The electric field lines surrounding three charges are shown in the figure below. The center charge is q2 = -15.9 µC.
Divide the negative charge by two. Since the total charge of the dipole is zero, you must have the two positive charges (which are the same), cancel out the sole negative charge. -15.9/2 = -7.95, and then flip the sign because the two sides are positive, so +7.95µC
Oh, I see. You're asking about the electric field lines surrounding three charges. Is this some kind of electric party? I hope they're not playing any shocking games! Anyway, you mentioned one charge, q2, which is -15.9 µC. But you didn't mention the other charges. I hope they're not shy! Can you give me some more information about the other charges, so I can have a better picture of this electrical extravaganza?
Unfortunately, I cannot see the figure you mentioned. However, I can help you understand the concept of electric field lines surrounding three charges and provide you with relevant information. Please describe the positions and charges of the other two charges so that I can assist you further.

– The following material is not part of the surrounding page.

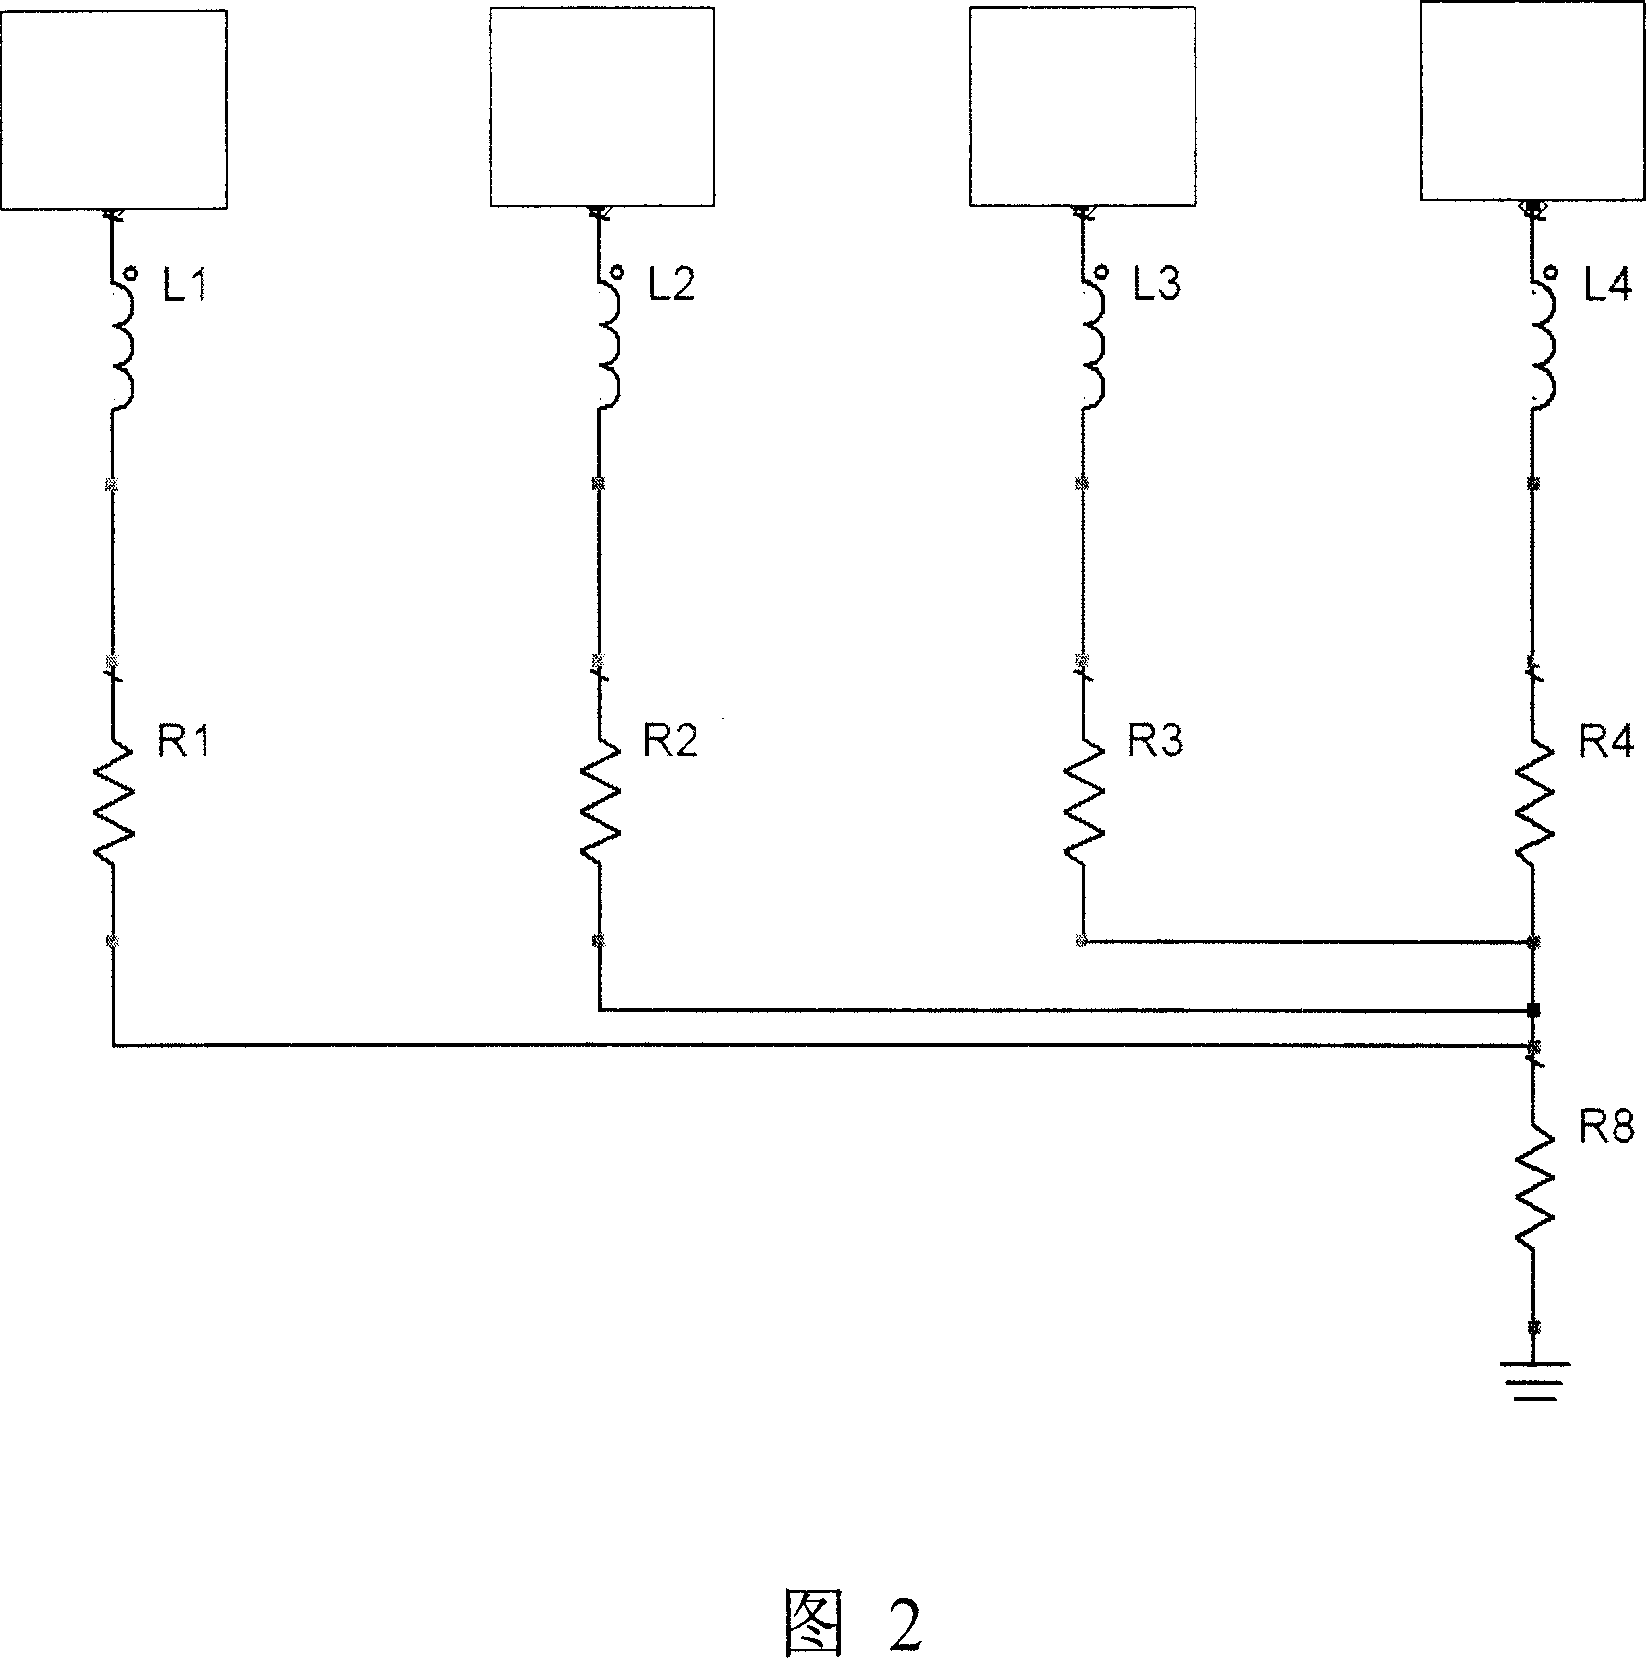 Ground wire layout graph for reducing microwave single-sheet integrated circuit standing wave ratio

To analyze electric field lines, we typically refer to the concept of electric field, which is a vector quantity that describes the strength and direction of the electric force experienced by a positive test charge placed in that field.
However, you mentioned that the center charge is -15.9 µC (microcoulombs), which indicates that it is a negative charge. In this case, the electric field lines would be drawn in the opposite direction of what is conventionally shown for positive charges.
Unfortunately, without the figure you mentioned, I cannot provide a detailed analysis of the electric field lines or the surrounding charges. If you can provide a description or any additional information about the arrangement of the charges or the figure, I would be more than happy to help you further.